Yes 2x runs emulated in 4x mode. Means not any faster or marginally faster - useless on Intel Gen7.x. 2xMSAA might be not that good in removing edges but better than nothing when performance for 4xMSAA is not high enough. This is certainly often the case on lower end graphics.

Kaarlisk · Jun 4, 2013

Paran said:
http://download-software.intel.com/...tion_Core_Graphics_Developers_Guide_Final.pdf

Interesting:
GT1 becomes much more powerful. Not only does it gain 66% more EUs, the EUs seem to be as powerful as in GT2 (in Ivy and Sandy, GT1 EUs had less threads/EU than GT2 EUs). IMHO, Haswell's GT1 should be at least as good as HD Graphics 3000.
Also, some performance regressions may be possible with the rearchitected driver. The guide says that the driver performs less optimizations, so I suspect that some older games may have regressions. ("One goal of this driver is to spend less time doing complex analysis and reordering of rendering commands in the driver, as these tasks are better suited to the application itself, which has the context to do these optimizations optimally. As much as possible, the new driver will submit rendering commands from the application to the hardware with minimal manipulation.")

Paran said:
They call it Iris extensions. Looks like this is Iris exclusive indeed.

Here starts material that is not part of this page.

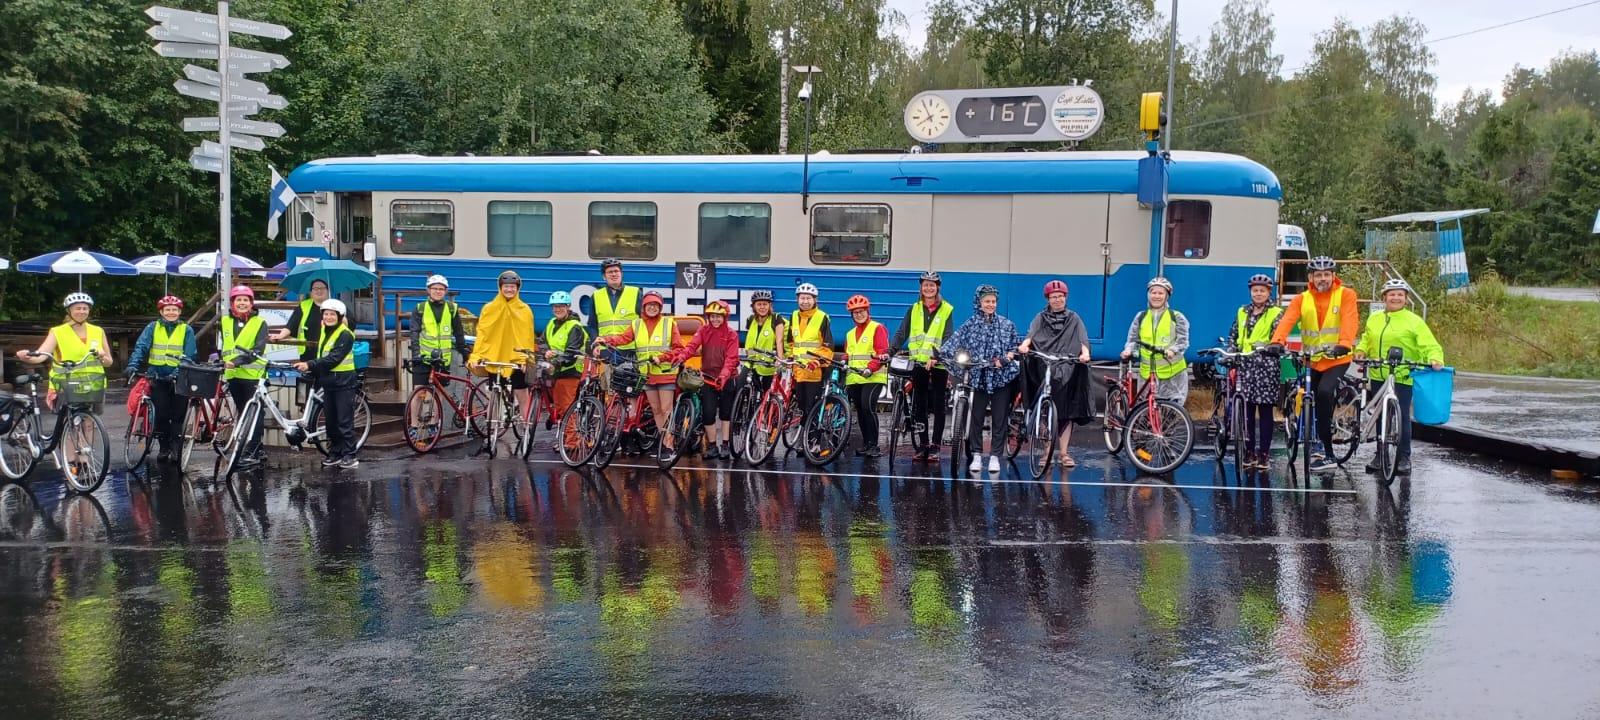 Henkilöitä polkupyörien kanssa junavaunun edessä.

One could understand why some extensions would be exclusive – Iris may be the only part with enough performance to use the effects enabled by these extensions – but this surely is not relevant for the extensions dealing with direct access to CPU/GPU memory?

Andrew Lauritzen · Jun 4, 2013

Paran said:
2xMSAA might be not that good in removing edges but better than nothing when performance for 4xMSAA is not high enough. This is certainly often the case on lower end graphics.

I would have agreed in the past, but these days post-AA methods do a better job in almost all cases than 2x MSAA and with less of a performance hit. While I'd still argue that 4x has advantages in reducing flicker/crawling over post-AA, 2x really doesn't do a good enough job for me to make the same argument.

Kaarlisk said:
The guide says that the driver performs less optimizations, so I suspect that some older games may have regressions.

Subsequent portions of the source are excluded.